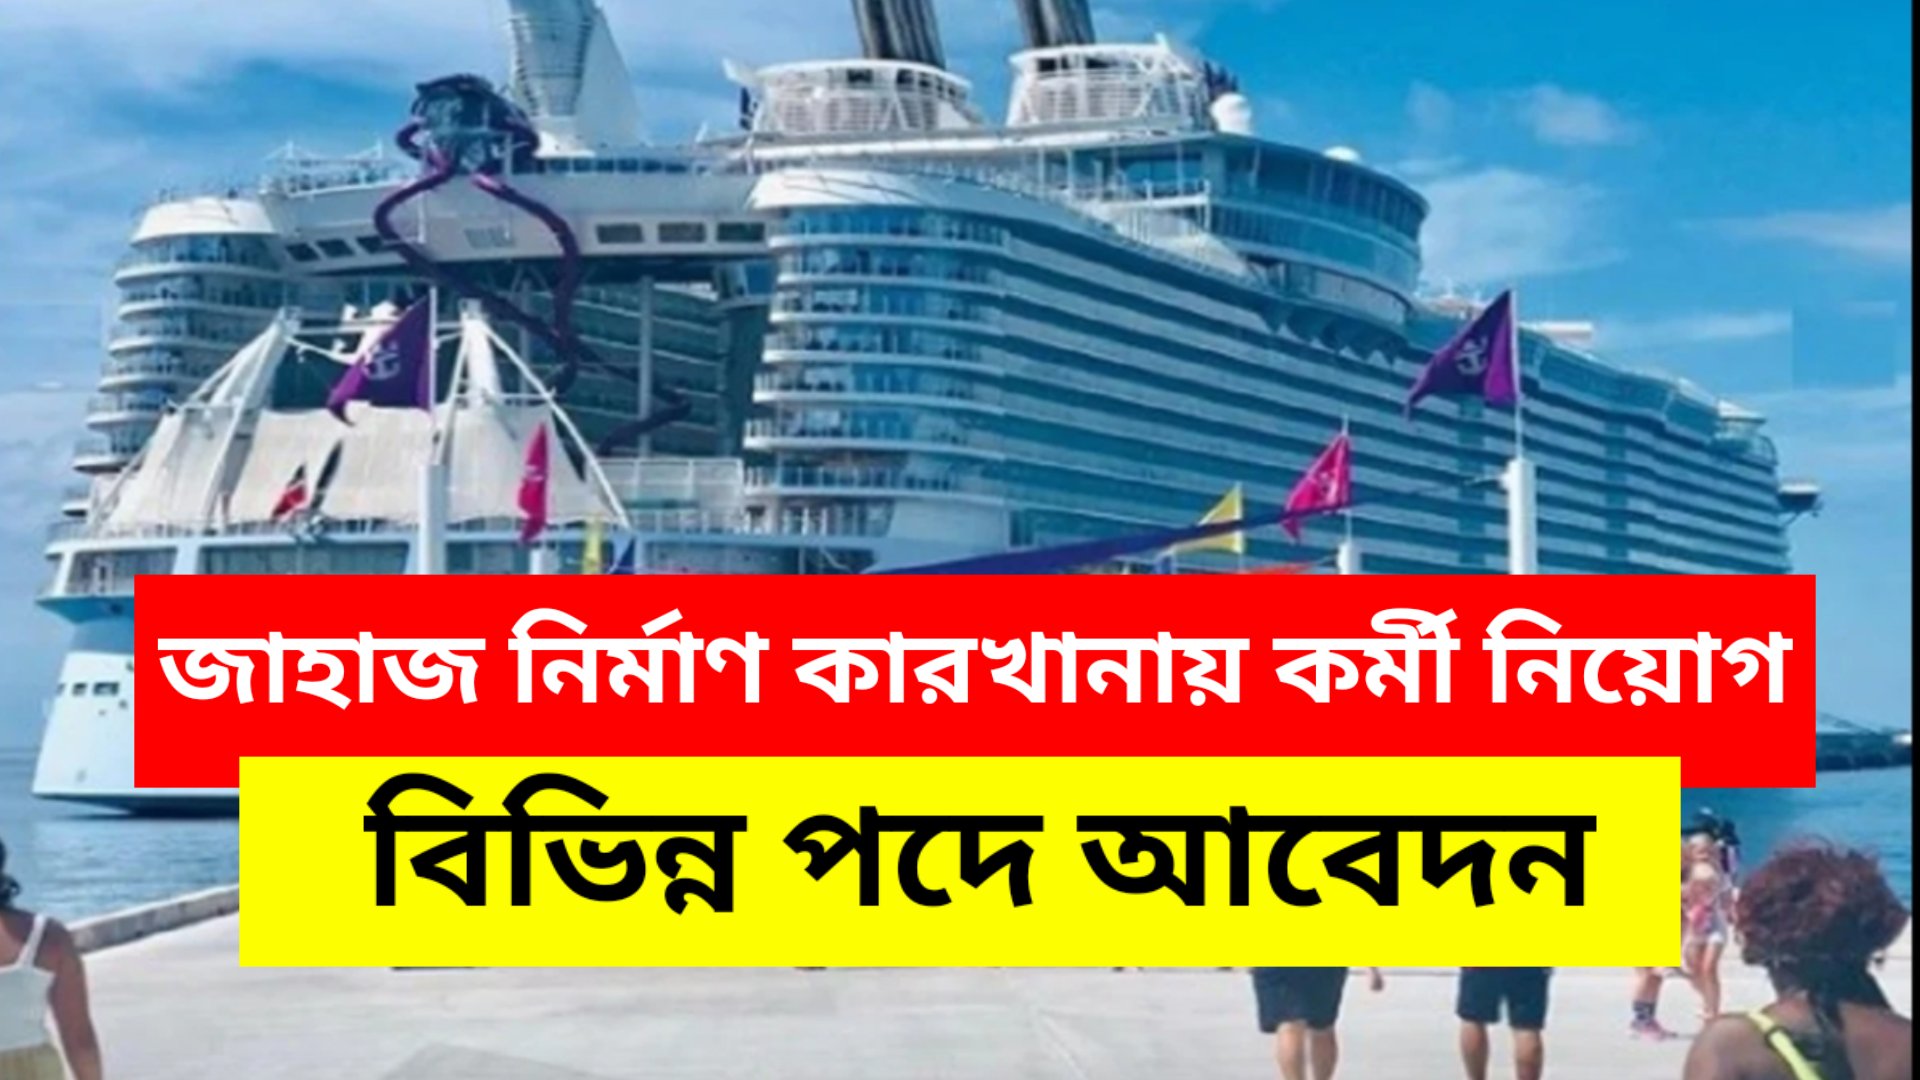 Hindustan Shipyard Limited.Visakhapatnam Notification for engagement of Apprentices under
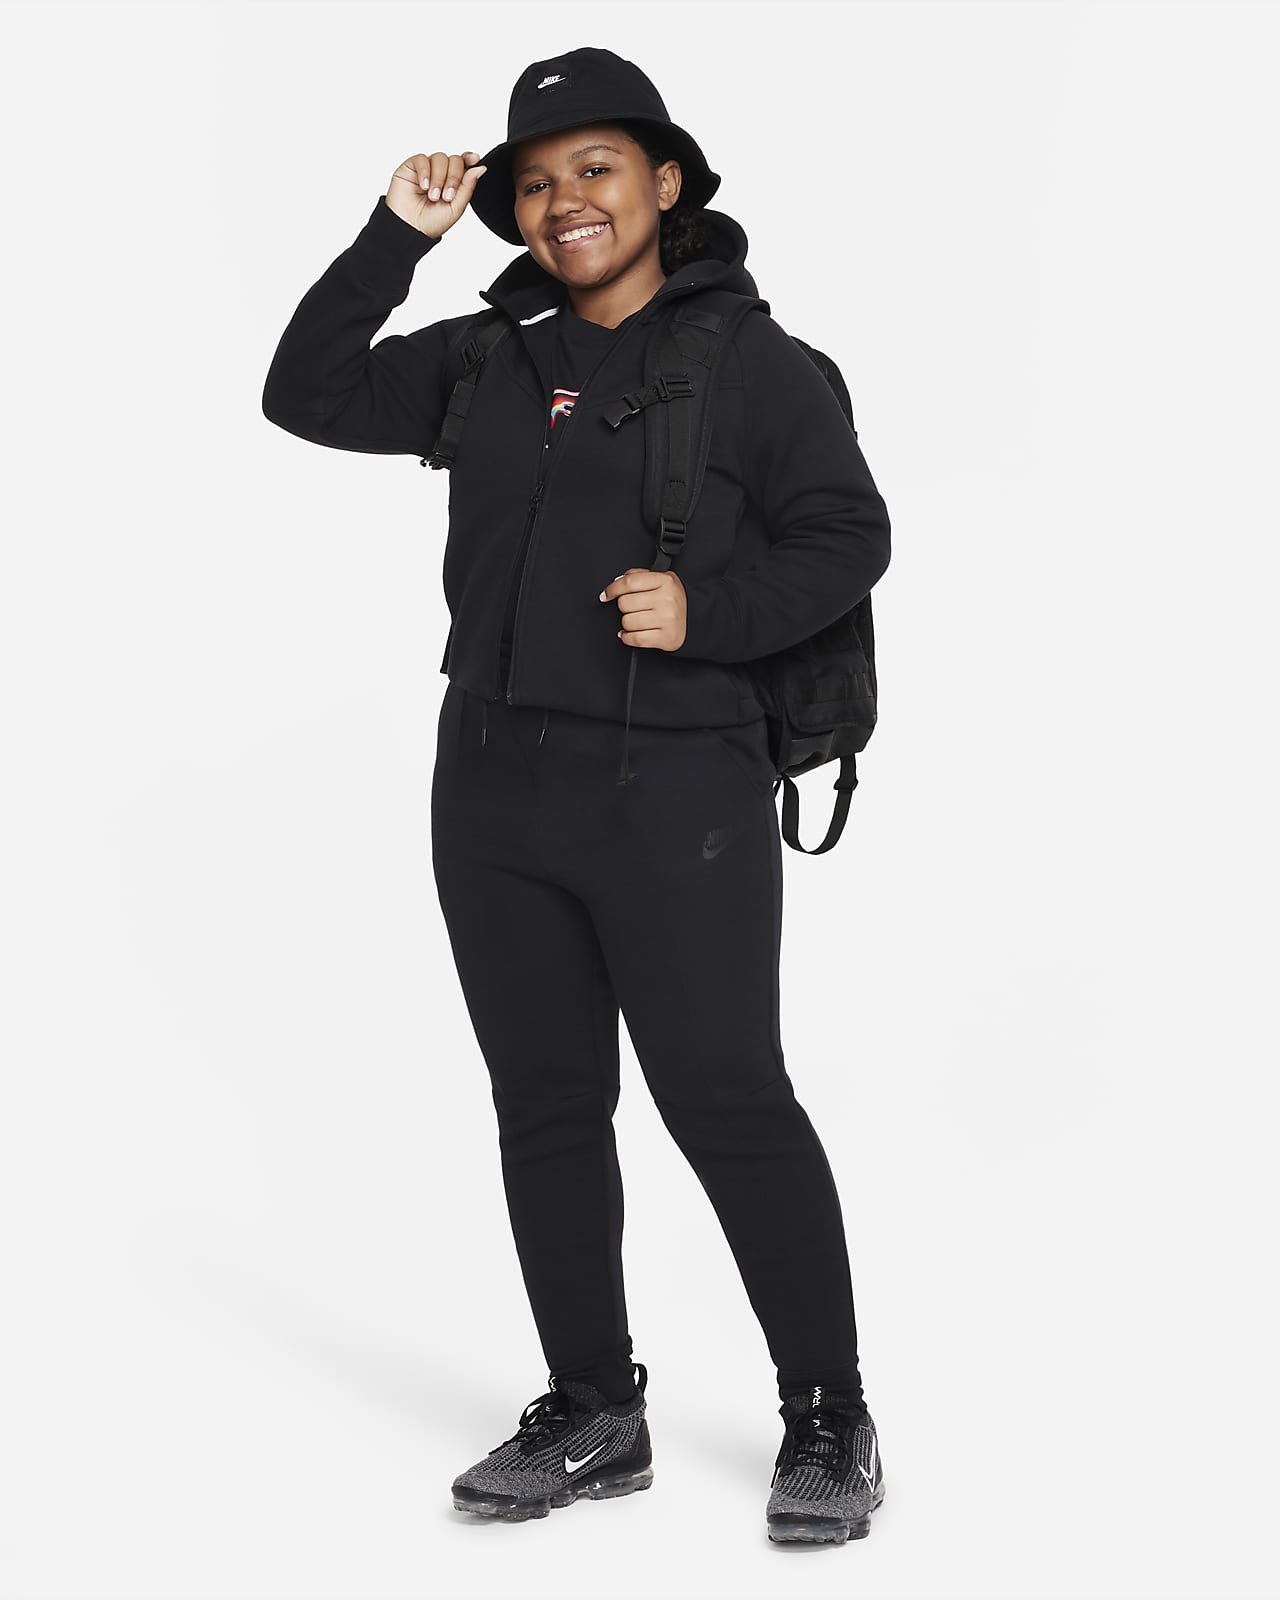 Survêtement Nike Sportswear Tech Fleece pour ado (fille) (taille
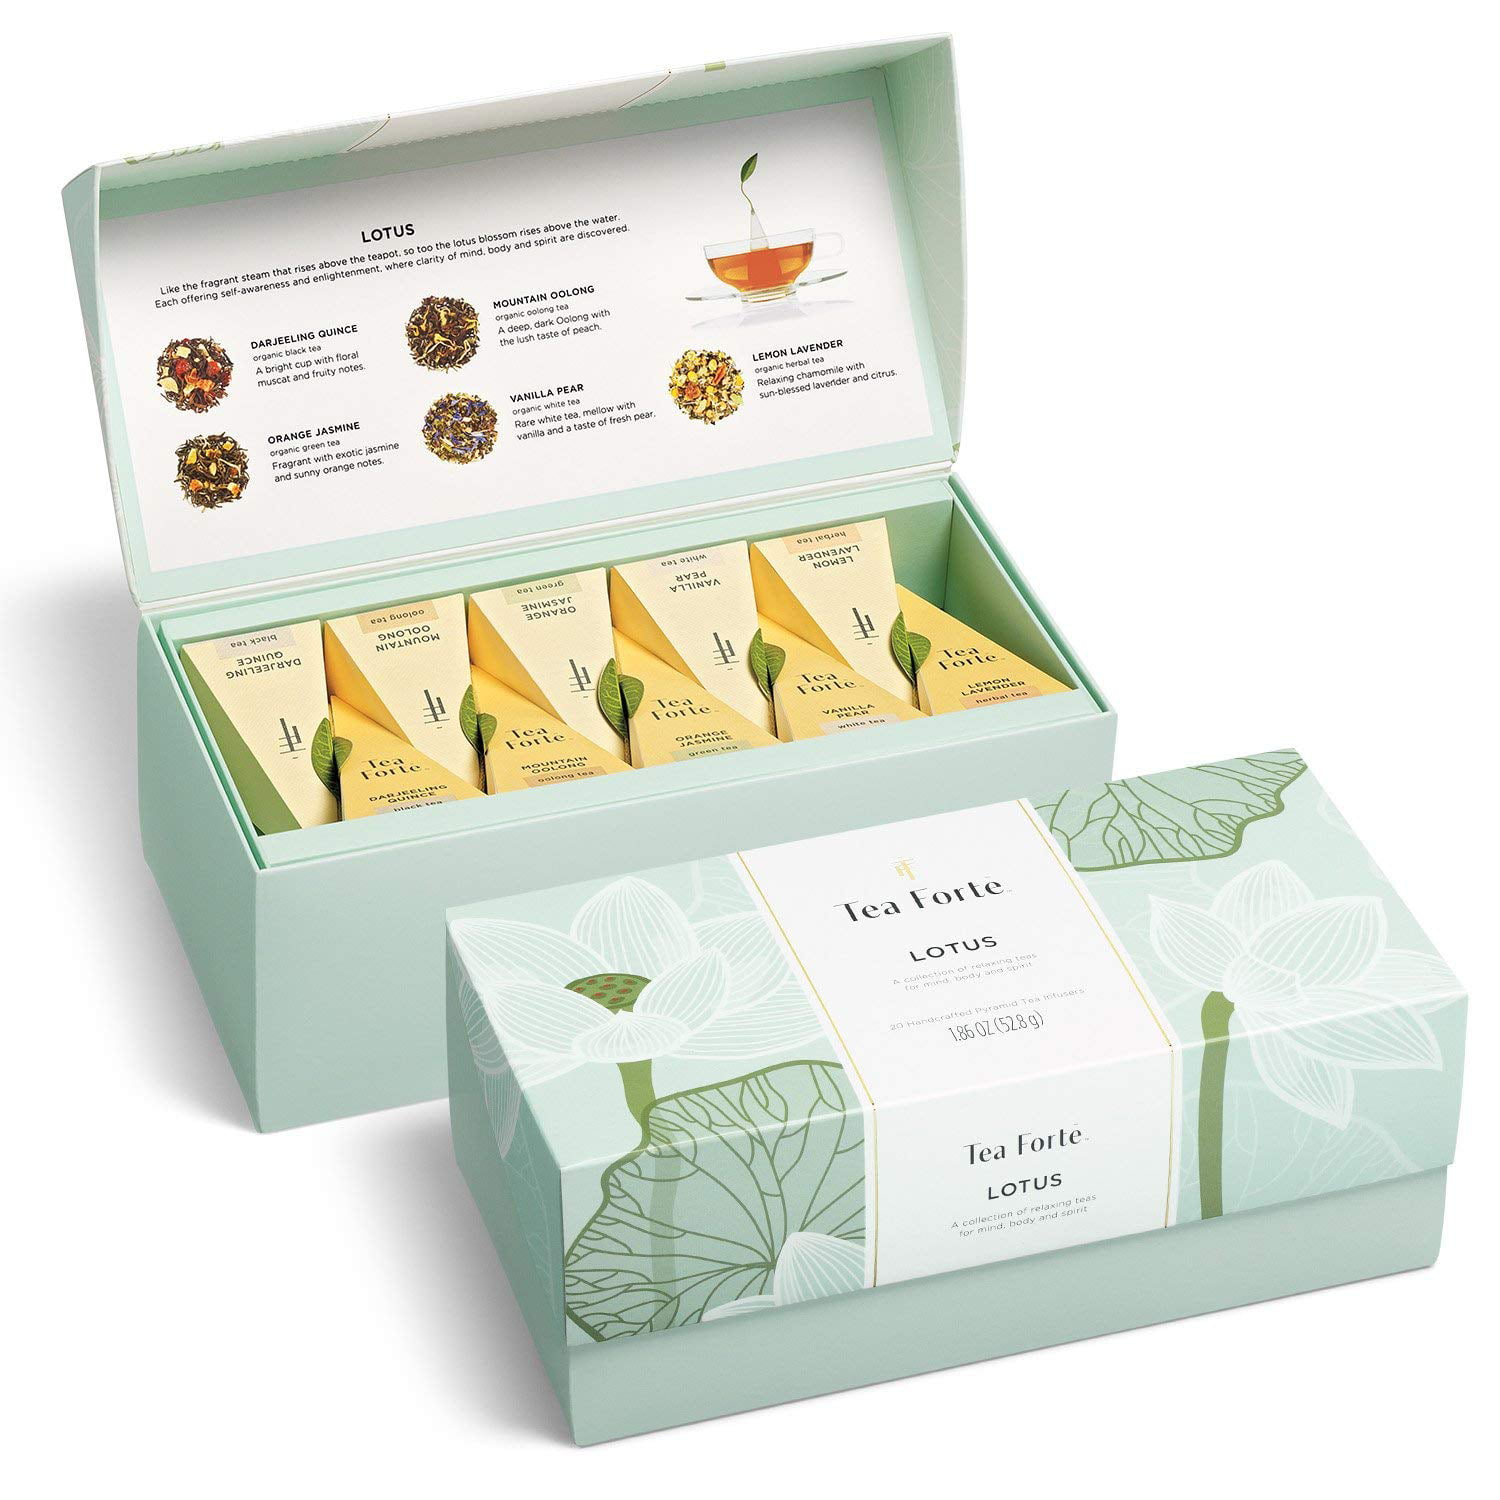 Tea Forte Lotus Relaxing Teas Presentation Box Tea Sampler

Task item:
The lines from the one that contains "Survêtement Nike Sportswear" through the end of the data, repeated exactly and with no pictures, make up the whole answer.

Output of the exercise:
 Survêtement Nike Sportswear Tech Fleece pour ado (fille) (taille
 Tea Forte Lotus Relaxing Teas Presentation Box Tea Sampler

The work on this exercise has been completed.